RECORDS SUPPLIED:
━━━━━━━━

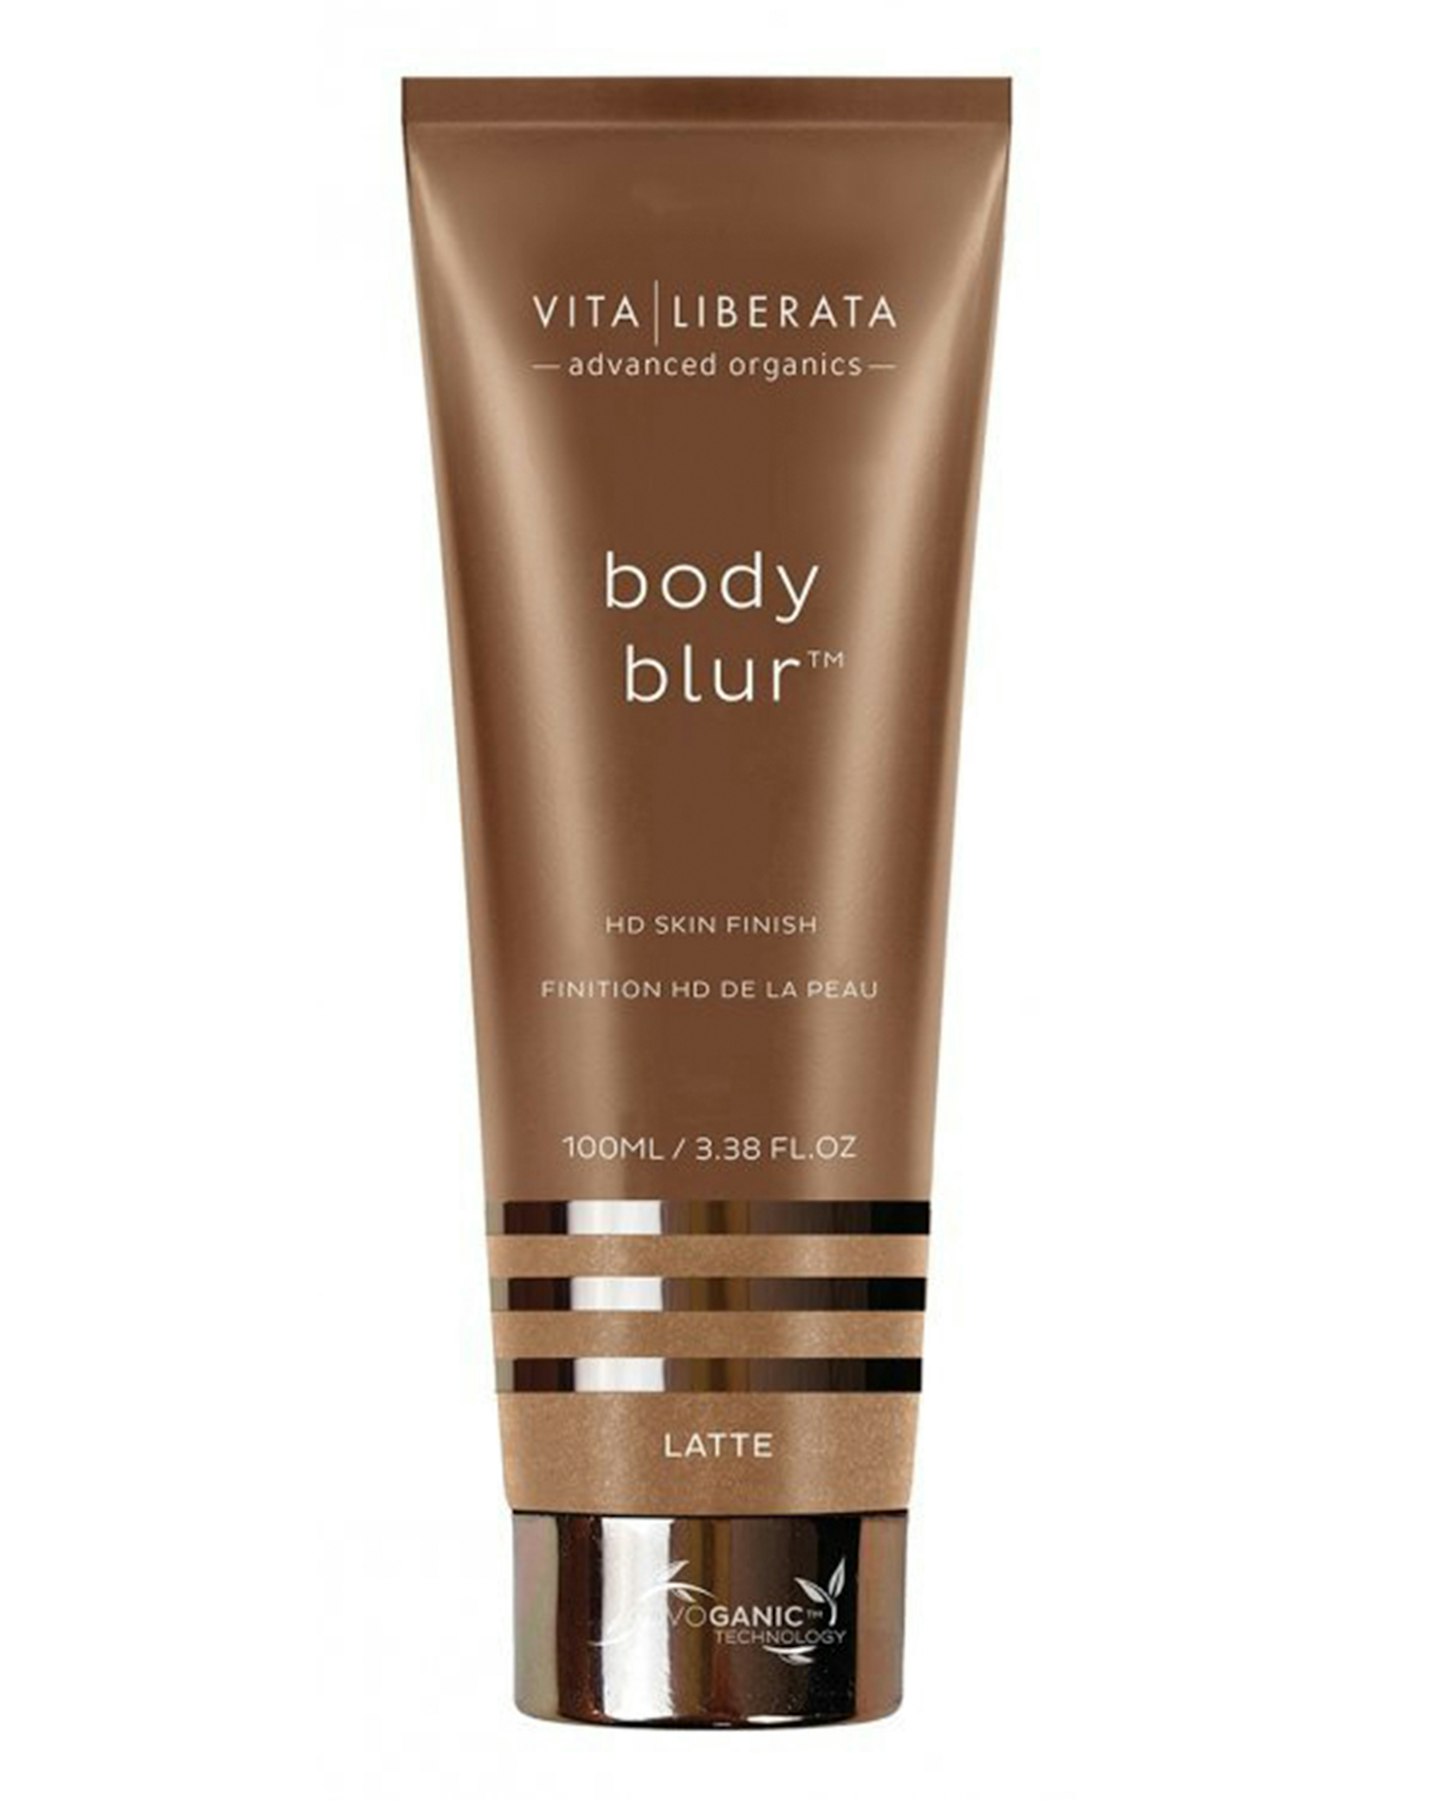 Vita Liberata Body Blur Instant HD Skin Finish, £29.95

━━━━━━━━

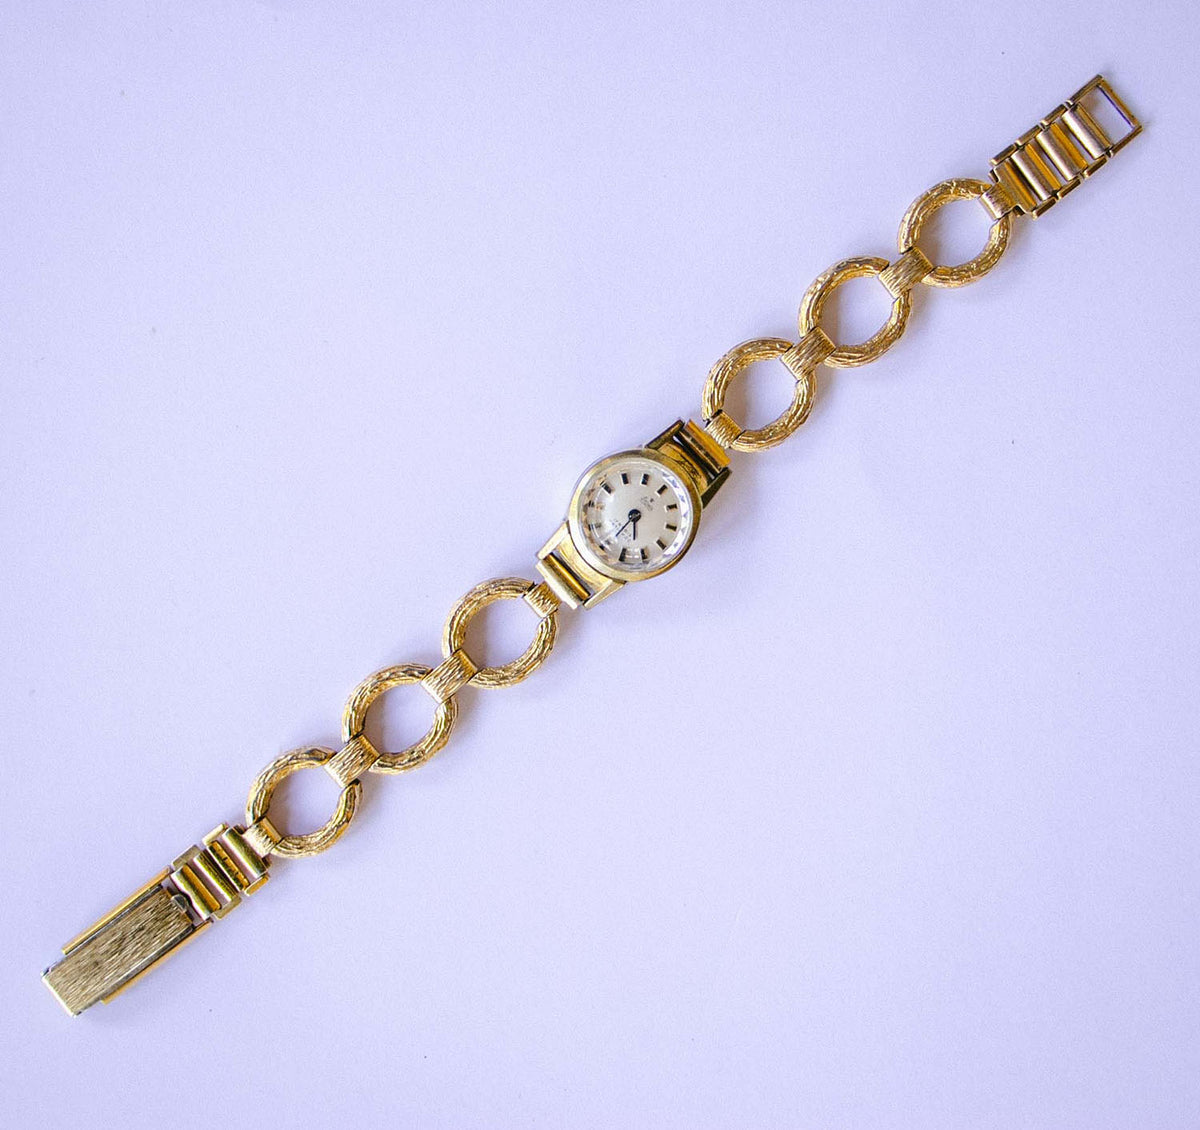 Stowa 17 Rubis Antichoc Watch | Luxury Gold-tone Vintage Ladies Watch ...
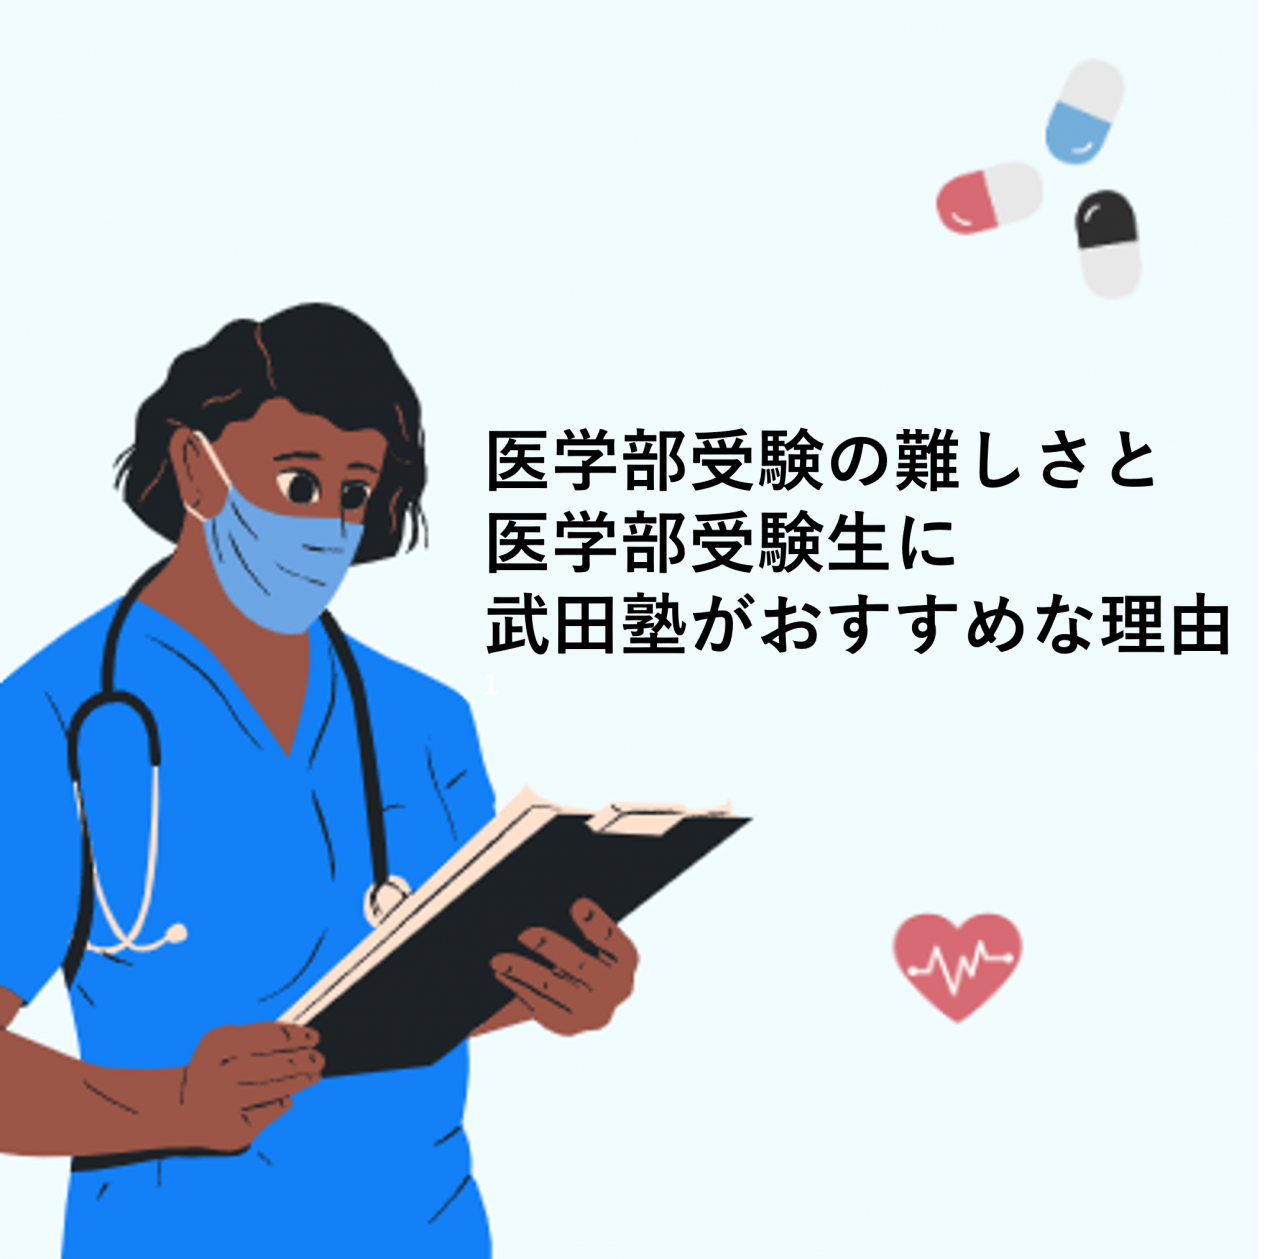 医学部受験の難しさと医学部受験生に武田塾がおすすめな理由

━━━━━━━━

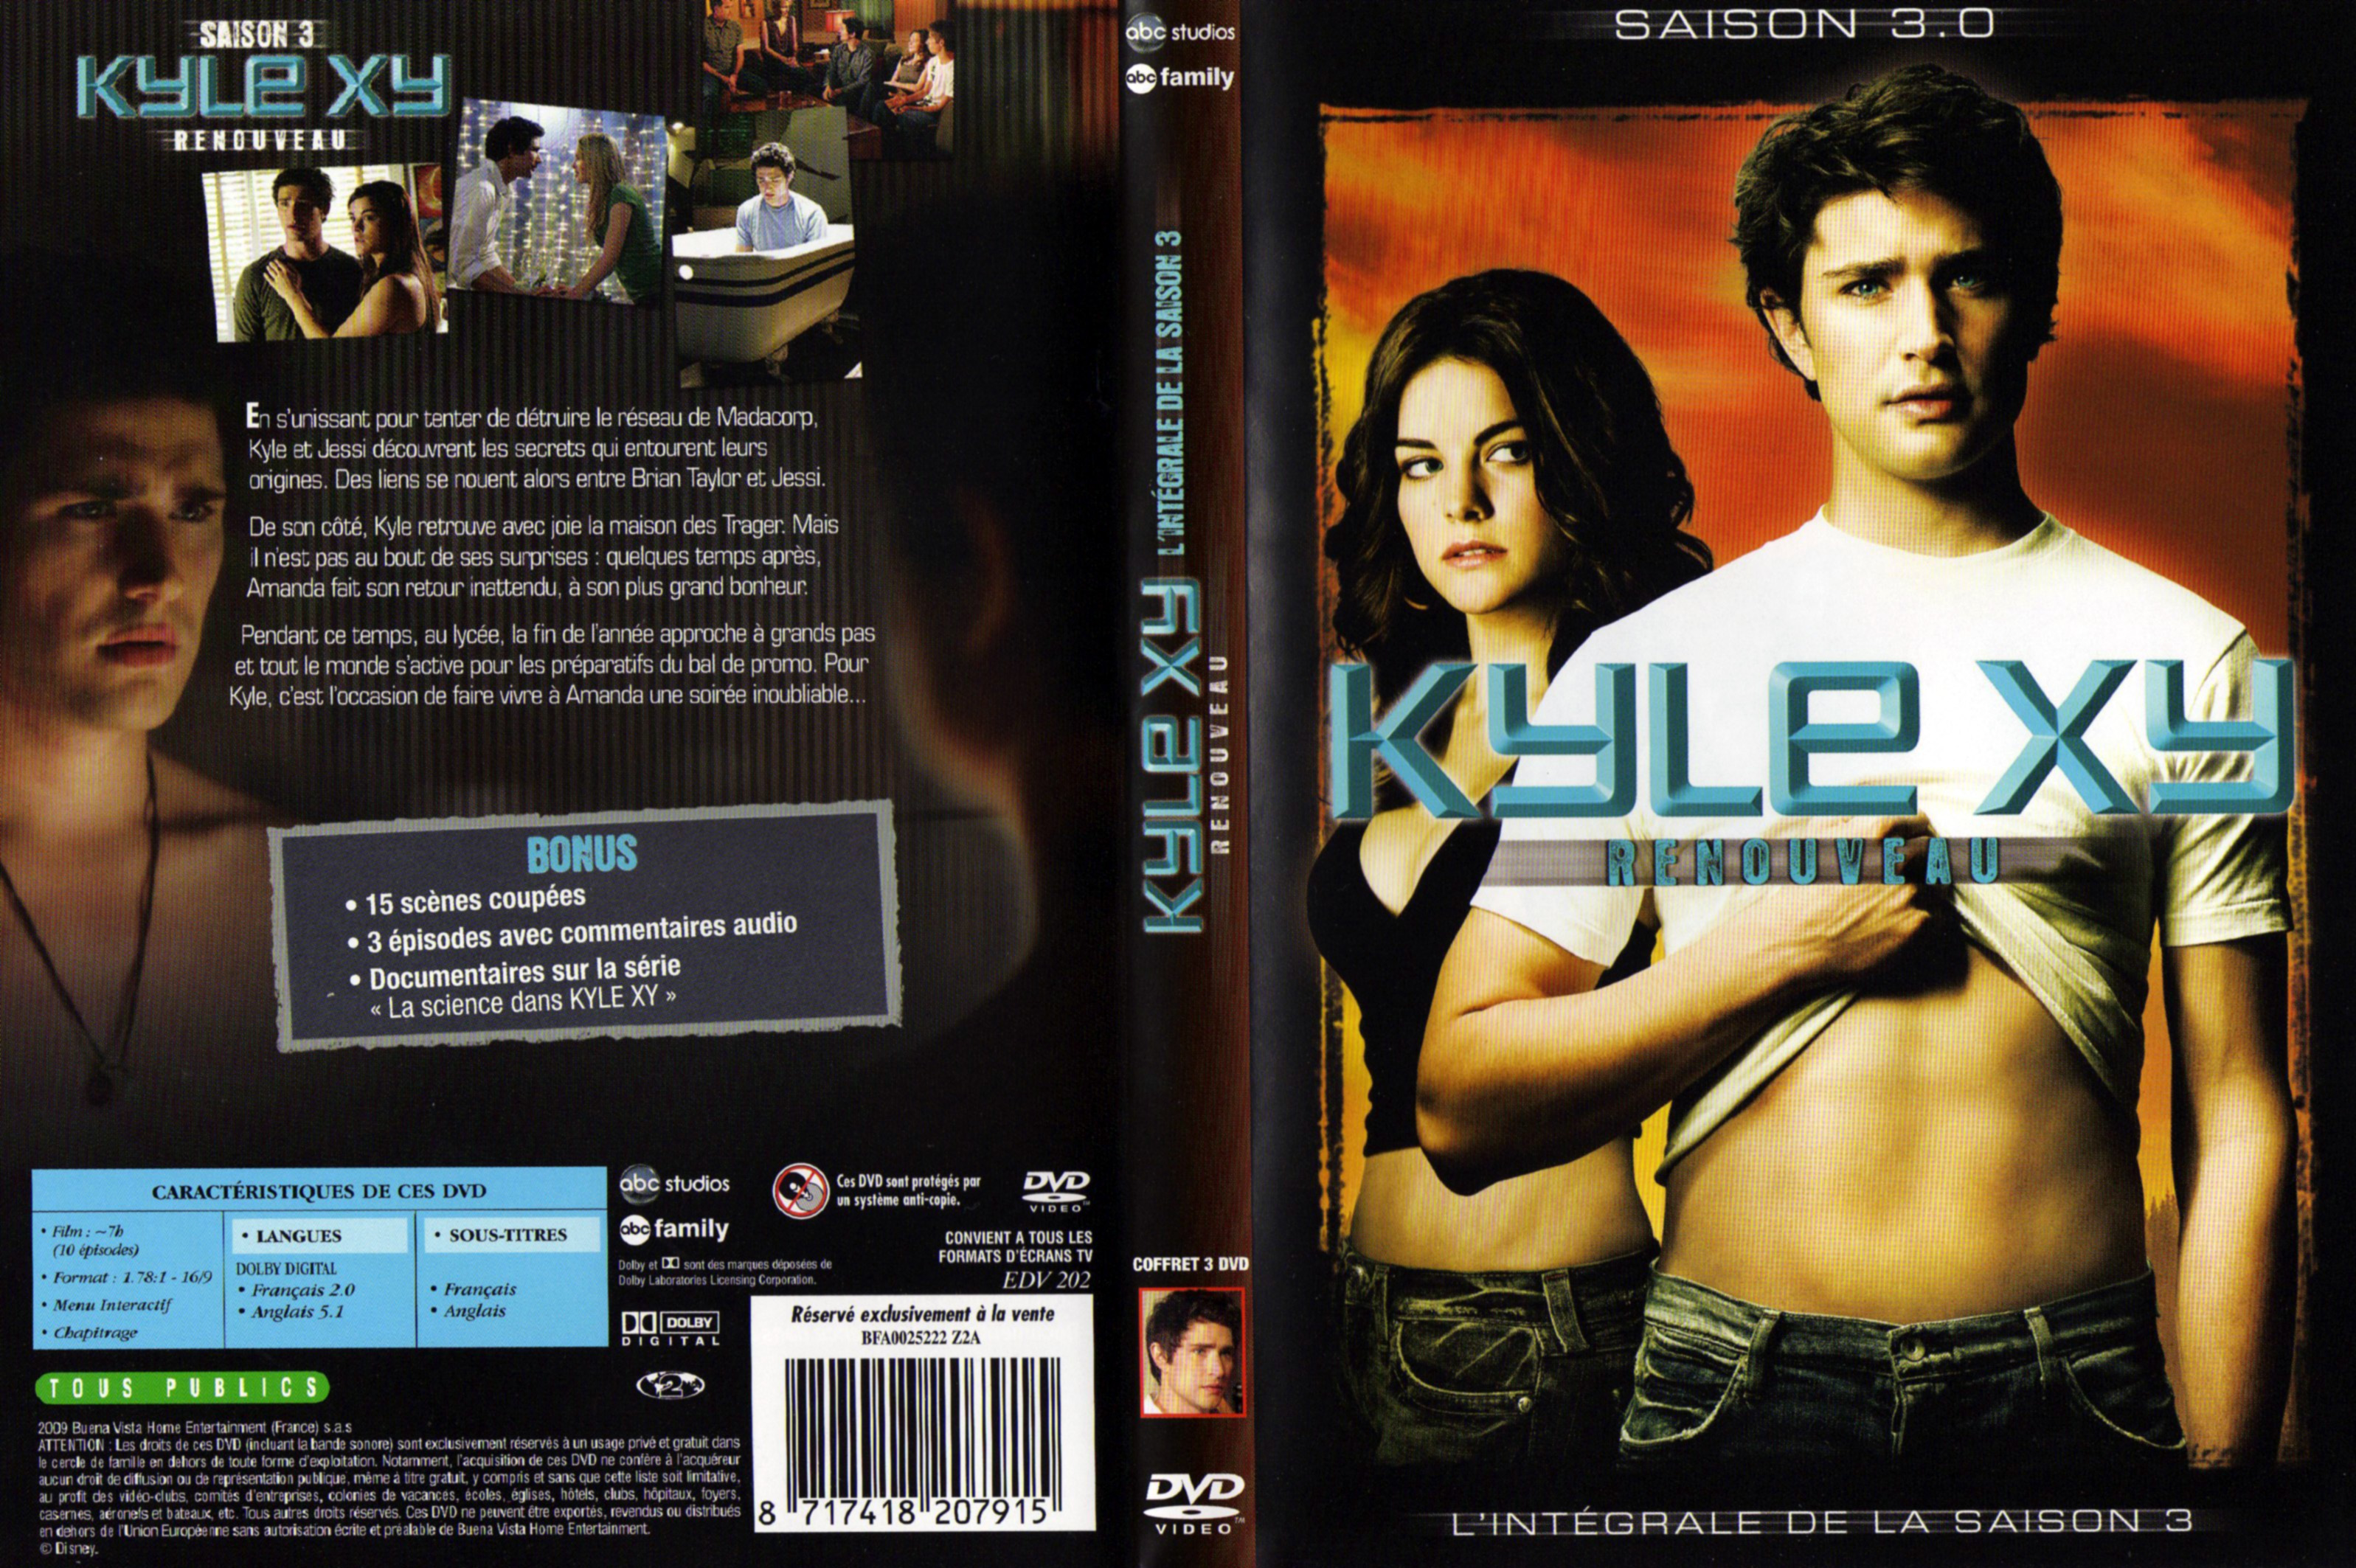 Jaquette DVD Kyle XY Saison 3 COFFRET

━━━━━━━━

TASK GOAL:
Start with the line above containing "Stowa 17 Rubis" and end with the line containing "医学部受験の難しさと医学部受験生に武田塾がおすすめな理由". Set down that stretch exactly, without any pictures.

ANSWER TO THIS TASK:
 Stowa 17 Rubis Antichoc Watch | Luxury Gold-tone Vintage Ladies Watch ...
 医学部受験の難しさと医学部受験生に武田塾がおすすめな理由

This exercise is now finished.